I can’t decide if I am talking about my NAS or just the large RAID storage
I am quite certain that when I chat about my NAS that I am also referring to the big, honkin’ stack of disks in a RAID, and not just the fact that the server shares files over my network. I am also aware that enough time has gone by that my quartet of 4-TB drives in a RAID 10 are no longer big nor honkin’.
I have had a RAID of one sort or another in my home since the very end of the twentieth century. In those days, individual hard disks just weren’t big enough to store all my data on a single file system, and we had nearly an entire decade in the middle of that time span where hard drives were poorly manufactured.
Hard drives have gotten reliable again, and disk sizes have outpaced the rate at which my data is growing. I don’t actually need a RAID to store the bulk of my data anymore.
I need a redundant array of inexpensive computers instead of just disks
I think it is safe to say that Tailscale was the tiny domino in front of the bigger choices that led me to the point I am at right now. Tailscale and fast Internet connections mean I can drop a tiny server anywhere in the world and treat it like it is on my local network.

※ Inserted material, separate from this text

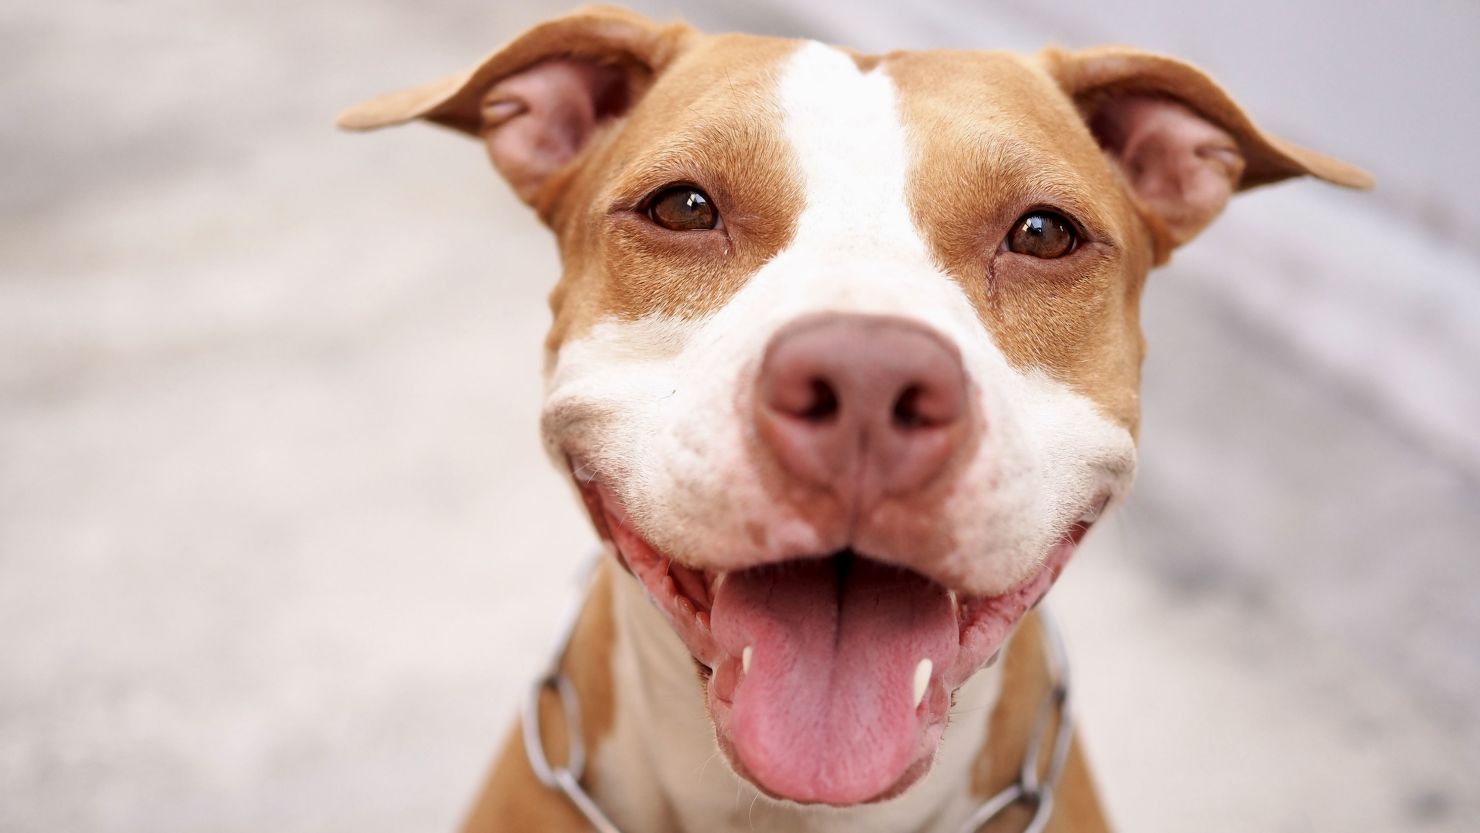 The Denver City Council voted to end the 30-year ban on pit bulls within city limits.

Today I have just over six terabytes of data, and that is growing at a rate of around one terabyte each year. I figure I should have at least three copies of that data, and at least one of those copies should be in a different physical location. At least one of those copies should have some amount of history available just in case I accidentally delete an important file.
One of those copies of my data has been living on the RAID 10 array on the NAS virtual machine running on my homelab server, but those drives are getting full, and they are very old now.
tl;dr Let’s just list all the places where my data lives!
Hello. This is Pat from about six paragraphs in the future. I realized that I am going to use a lot of words explaining all the pieces of my backup and redundancy plan, and it might be prudent to just make a list of all the places where my data lives before I do that.
- Seafile on a Raspberry Pi
- 14 TB of storage
- off-site at Brian’s house
- 90 days of history
- Homelab server
- 14 TB of storage
- I can bug out with the USB hard drive
- opposite side of the house! (might survive a fire?!)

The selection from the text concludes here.